However, there's a subtle race: between releasing `cnt_val.mtx` in `merge()`
and reaching here, `GlobalMergeContext::reset()` could run (acquiring
`cnt_val.mtx`), incrementing `stage`. This would cause the publish to carry the
NEW stage number rather than the old one, potentially being rejected by
receivers.
In practice this is likely prevented by the sequential nature of the
recursive CTE protocol (wait_for_destroy completes before reset_global_rf), but
worth a comment.
##########
be/src/exec/pipeline/pipeline_fragment_context.h:
##########
@@ -128,11 +130,24 @@ class PipelineFragmentContext : public
TaskExecutionContext {
std::string get_load_error_url();
std::string get_first_error_msg();
- Status wait_close(bool close);
- Status rebuild(ThreadPool* thread_pool);
- Status set_to_rerun();
+ std::set<int> get_deregister_runtime_filter() const;
- bool need_notify_close() const { return _need_notify_close; }
+ Status listen_wait_close(const std::shared_ptr<brpc::ClosureGuard>& guard,
Review Comment:
**[MEDIUM] Thread safety concern.** `listen_wait_close()` reads/writes
`_need_notify_close` and `_wait_close_guard` without holding `_task_mutex`.
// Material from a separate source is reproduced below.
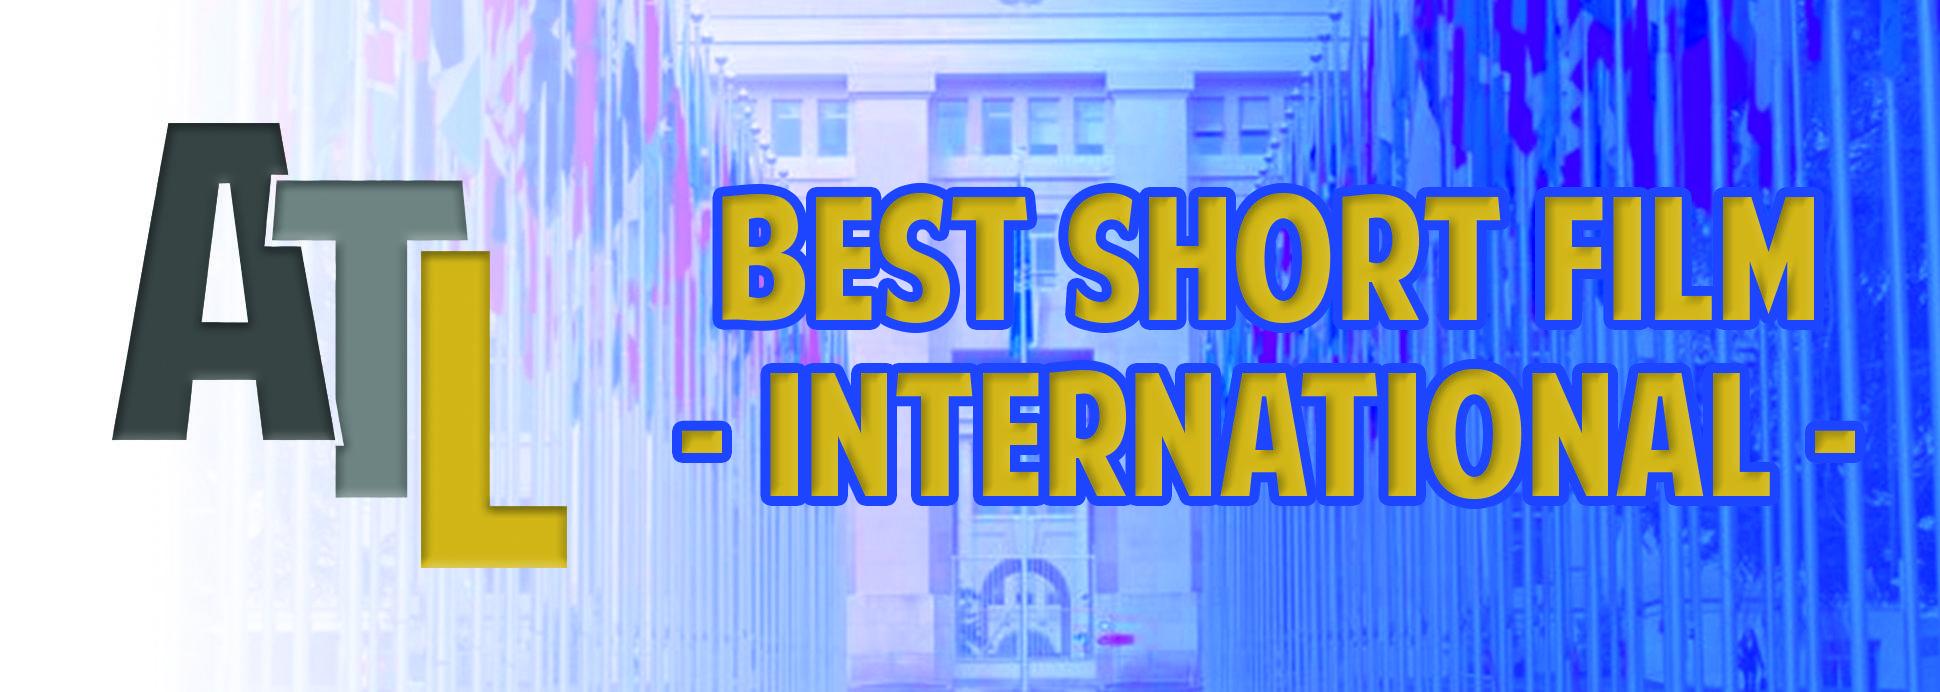 Best Short Film (International)

Meanwhile, `cancel()` modifies `_need_notify_close` under `_task_mutex`. This
creates a TOCTOU race:
1. `listen_wait_close()` checks `_need_notify_close` is true (line 140)
2. `cancel()` runs, sets `_need_notify_close = false` (line 191 of .cpp)
3. `listen_wait_close()` sets `_wait_close_guard = guard` (line 147)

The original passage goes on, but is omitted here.